Читать «Поэзия и сверхпоэзия. О многообразии творческих миров» онлайн - страница 19

Михаил Наумович Эпштейн

Затем его образ стал «очеловечиваться», распространилось новое, более живое, доходящее порой до «свойскости», фамильярности отношение к Пушкину. Поэт представал этаким озорным повесой, символом внешней раскрепощенности – в духе молодежных повестей и стихов 1960-х годов. Это был «оттепельный» идеал раскованности, непринужденности, снятия всяких церемониальных зажимов. Вот как писал тогда Е. Евтушенко: «О, баловень балов / и баловень боли. / Тулупчик с бабы – / как шубу соболью». Дальше там – «звон и азарт», Пушкин вина, кутежей, вольной жизни.

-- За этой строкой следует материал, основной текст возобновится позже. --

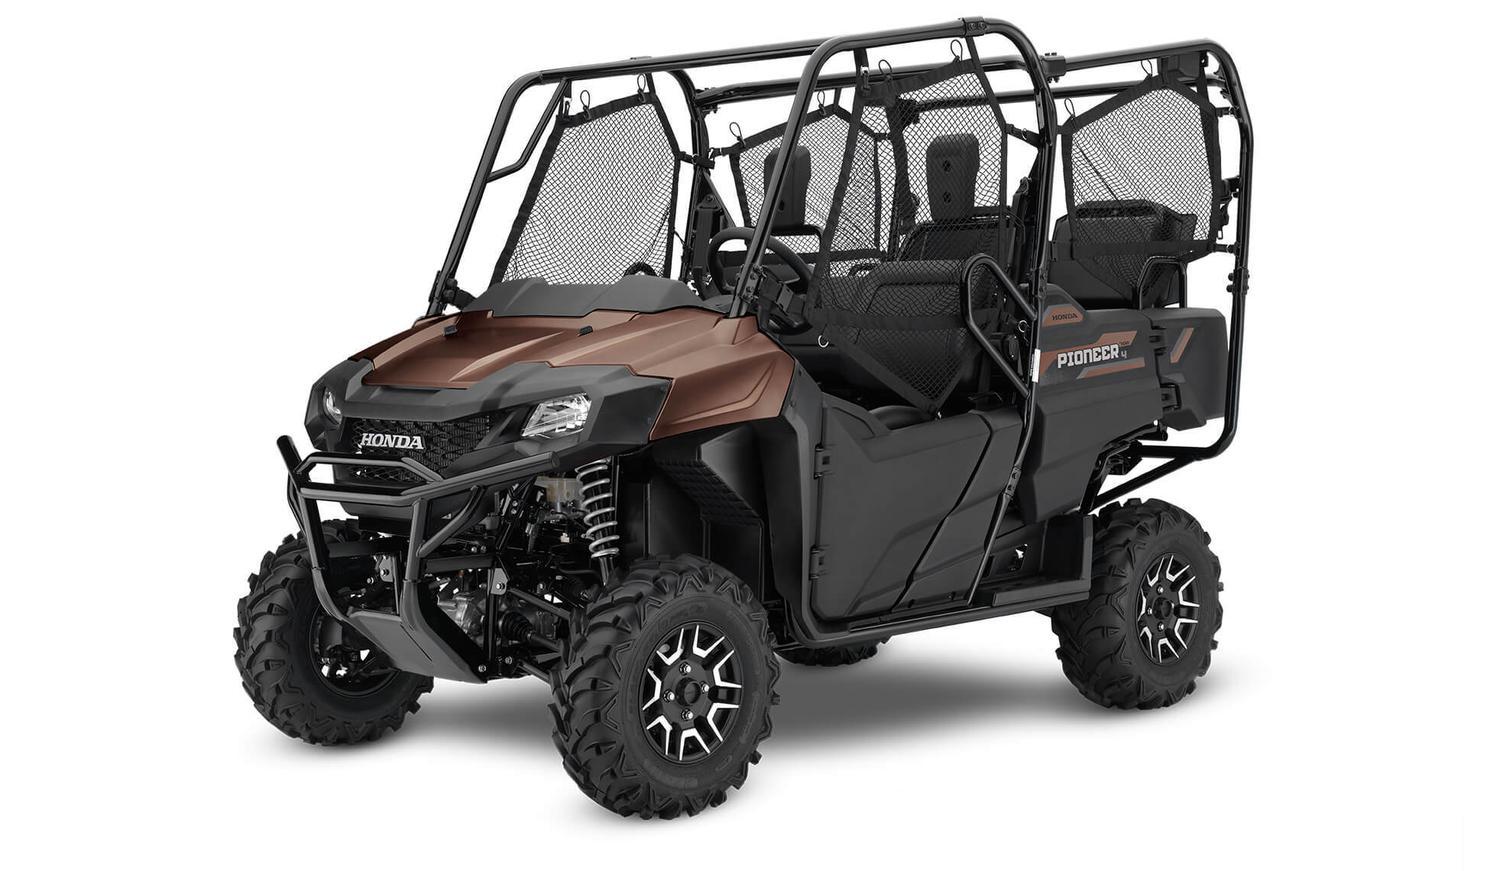 2021 Honda Pioneer 700-4 Deluxe Frais inclus+Taxes

Молодой Пушкин, не благостно-чинный и неприступный певец вольности в лавровом венке, а свободный, шутливый, разгульный, карнавальный, народный, в окружении пирующих друзей, среди цыган, на ярмарке и т. д. – примерно таково было восприятие Пушкина в 1960-е годы (второй этап).

Но вот наступили 1970-е, и образ Пушкина окрасился в новые, менее яркие, но более глубокие и сдержанные тона. Не столько политическое вольномыслие и жизненное эпикурейство, сколько своеобразный нравственный стоицизм стал привлекать в Пушкине. Умение переносить тоску и тяготу жизни, одолевать долгие приступы хандры, смиряться с неизбежным – и тем самым возвышаться над ним… Если перенести на самого поэта сказанное им о двойственности русской песни, то в восприятии Пушкина на рубеже 1960–1970-х произошел перепад от одного полюса к другому: от «разгулья удалого» – «к сердечной тоске». Пушкин воспринимается как пример не столько раскрепощения всех жизненных сил, сколько сохранения их на том пределе, где жизнь становится тягостной и невыносимой и все-таки требует: живи! Пушкин – то, что остается после всех утрат, то, чего нельзя отнять, последнее утешение. «Есть еще опушки, где грибов не счесть. / Есть Россия, Пушкин, / наши дети есть», – пишет Е. Евтушенко, для которого Пушкин – уже не хлопанье пробок и брызжущая пена молодого вина, а то, что остается на самом дне жизни, последняя, уже не пьянящая, но отрезвляющая после праздника капля. «Осенняя ясность ума и печальная трезвость рассудка» – вот чему в первую очередь сопереживает у Пушкина и О. Дмитриев. То же – у Гл. Горбовского: «Чуть подтаяли силы, / не ропщу, не корю: / „Пушкин есть у России!“ – / как молитву творю». Тут имя Пушкина знаменует не избыток сил, хлещущих через край, но нижний предел, первооснову жизни как терпения и надежды.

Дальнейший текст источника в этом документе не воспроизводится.